6
THE UNIQUE NUTRIENTS OF SEAFOOD
Dr. Weston Price, in his studies of native peoples, found that they consumed much seafood (both scalefish and shellfish) wherever available; indeed, fishing cultures were among the most physically well developed and disease resistant found. Let’s explore why this may have been so. This discussion includes the results of several studies that have been done to determine the benefits of seafood.
EFFECTS OF THE NUTRIENTS IN SEAFOOD
Much recent medical research has focused on the physiological effects of fish consumption and on the fatty acids in fish oils. Essential fatty acids have collectively been referred to as Vitamin F. Fatty acids consist of chains of carbon atoms bonded to hydrogen. “Unsaturated” means that some of the chemical bonds in the carbon chain are unstable; oxygen may form bonds with the carbon atoms adjacent to these unstable bonds and cause rancidity. A highly unsaturated oil can stay liquid at cold temperatures, while saturated fatty acids such as those found in butter or meat are solid at room temperature.
Eicosapentaenoic acid (EPA) is found in high concentrations in certain fish. As mentioned earlier in the book, EPA is a long-chain, highly unsaturated fatty acid that can be used in metabolism to make some important prostaglandins, as can several other fatty acids, including gamma-linolenic and arachidonic acids. Prostaglandins are hormonelike substances exerting control over events throughout the body, for example, the production and release of chemicals by blood platelets and cells lining the walls of blood vessels. These chemicals control the tendency of the platelets to form a clot. They thus influence the chances of a thrombus (clot) forming, lodging in the coronary arteries, and causing a coronary thrombosis (heart attack).

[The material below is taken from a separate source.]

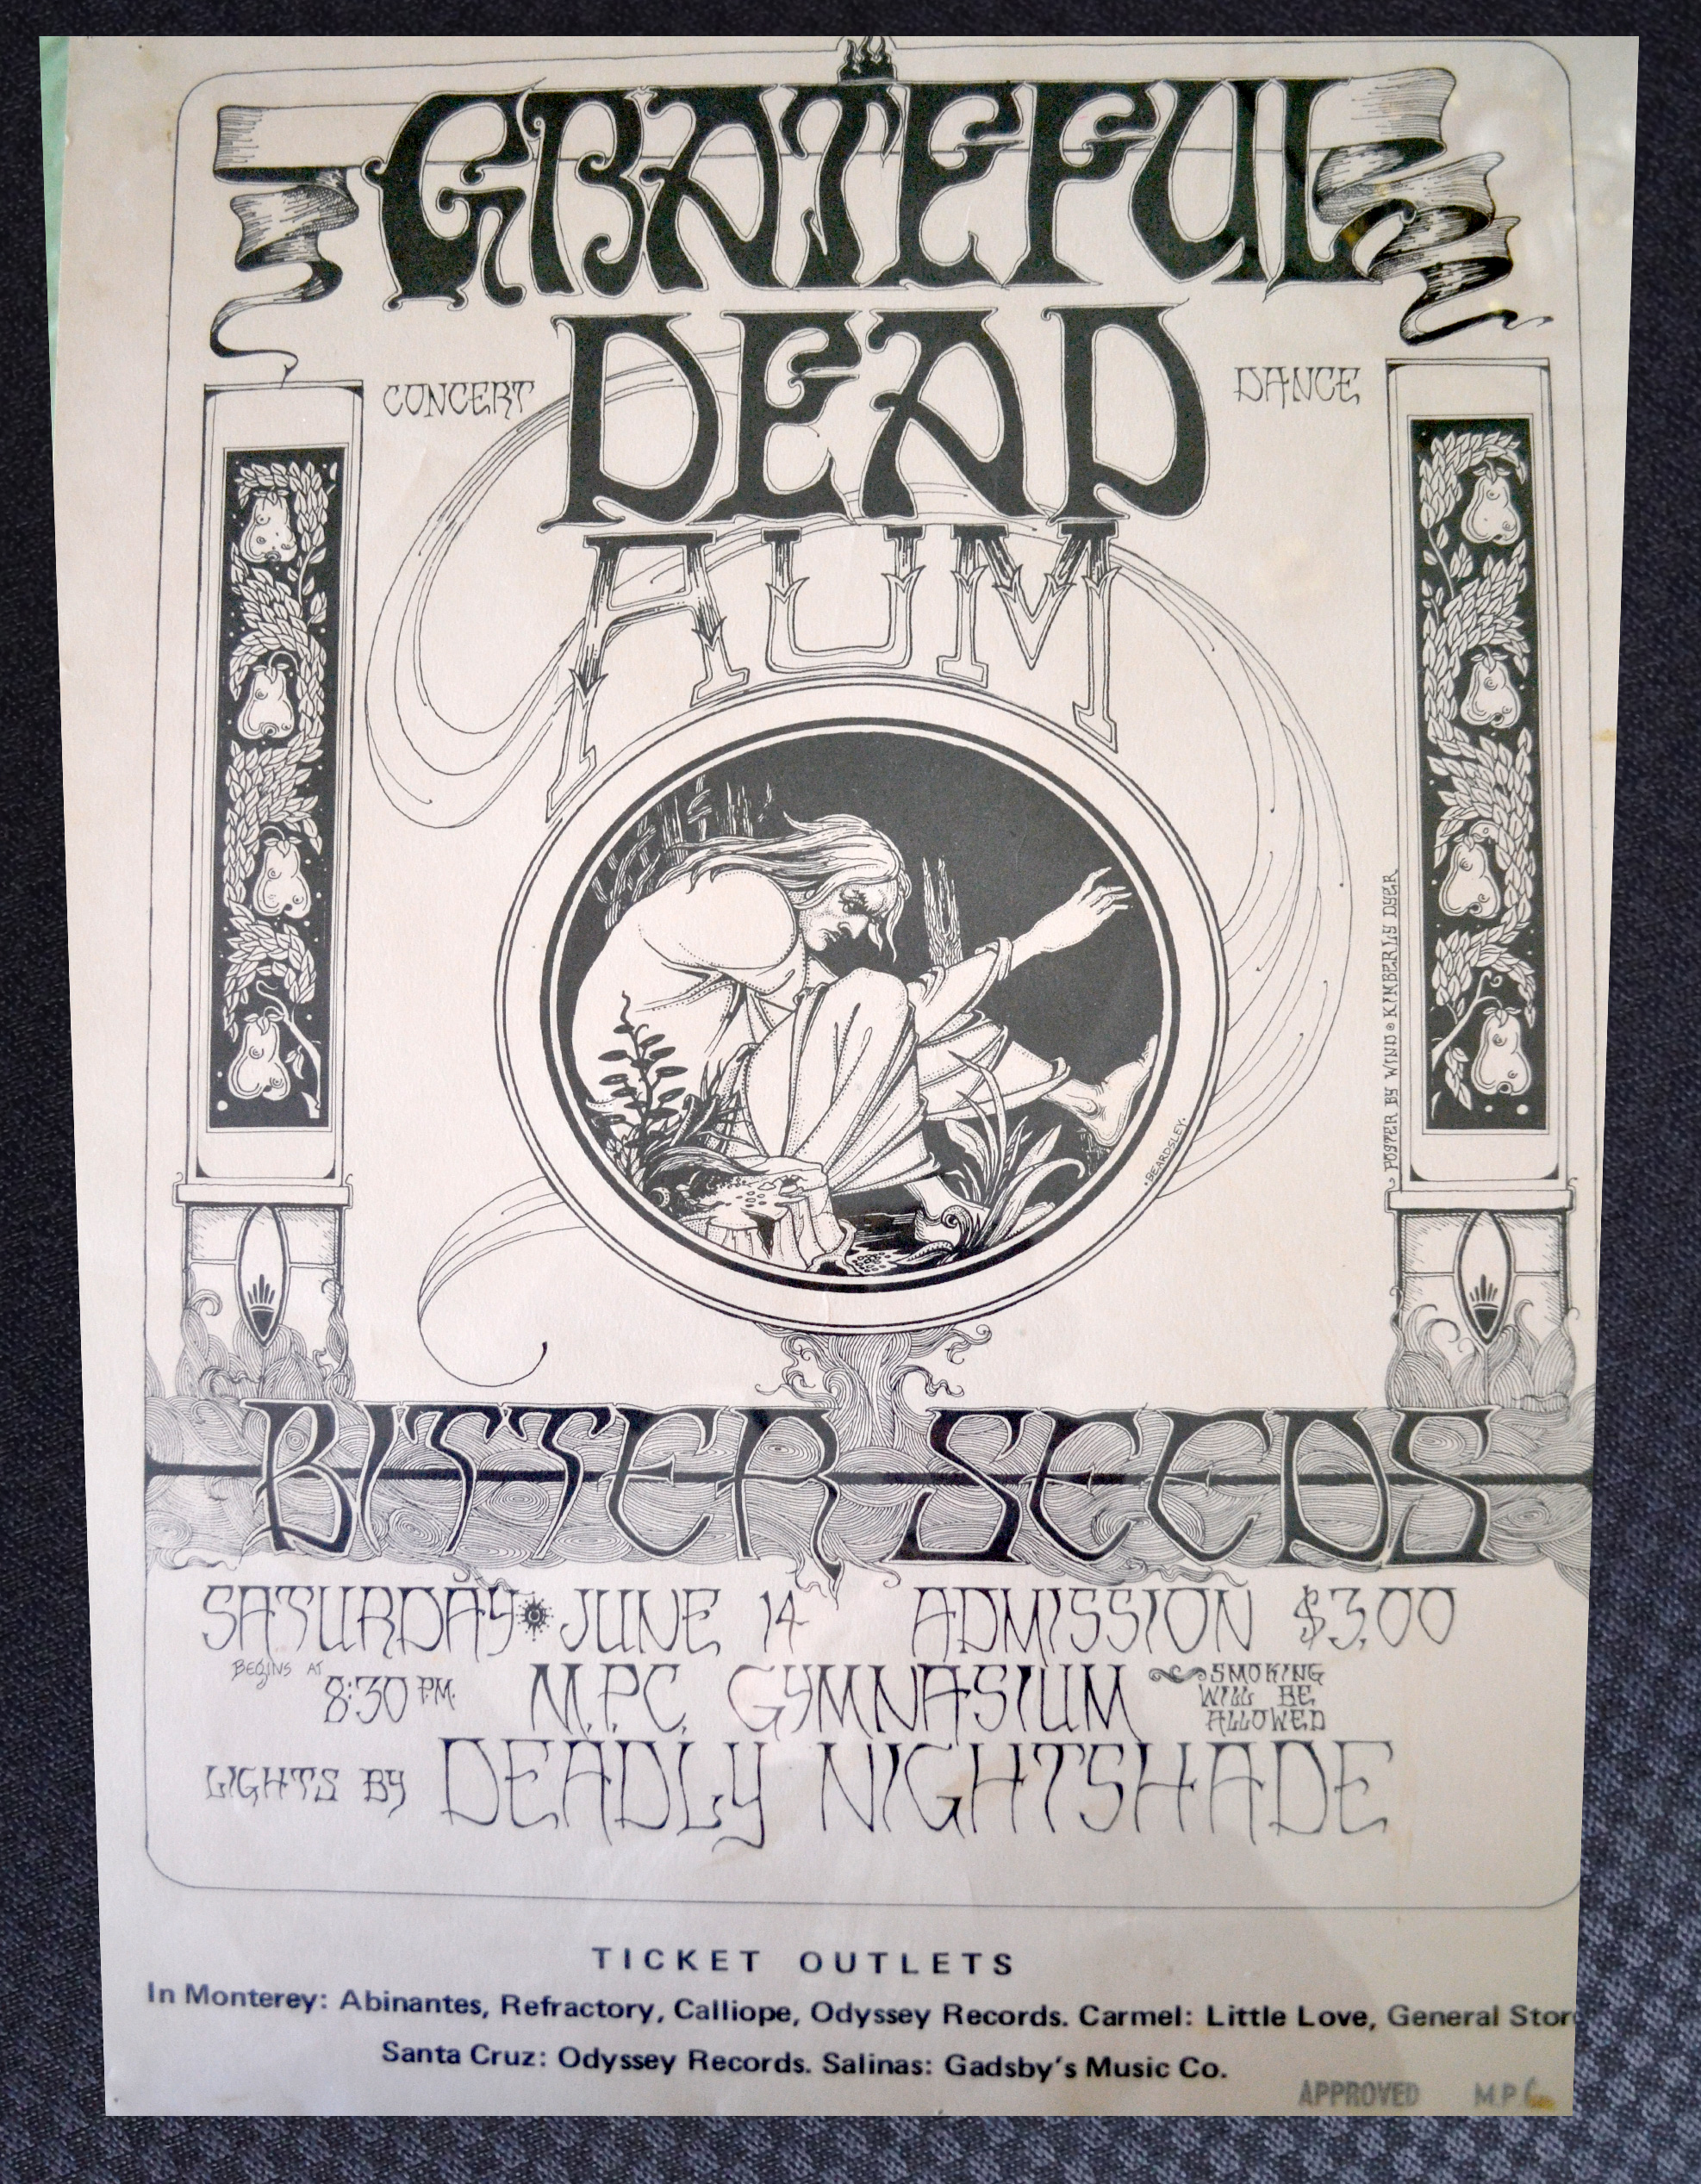 Grateful Dead, Bitter Seeds Handbill

Linoleic and alpha-linolenic acids are essential fatty acids; the body cannot make them and they must be supplied in the diet. Though experimental animals freely convert alpha-linolenic acid to EPA, some researchers believe that EPA should also be considered essential for humans. This is due to the fact that we have, at most, a limited ability to make EPA, and it has unique and beneficial effects.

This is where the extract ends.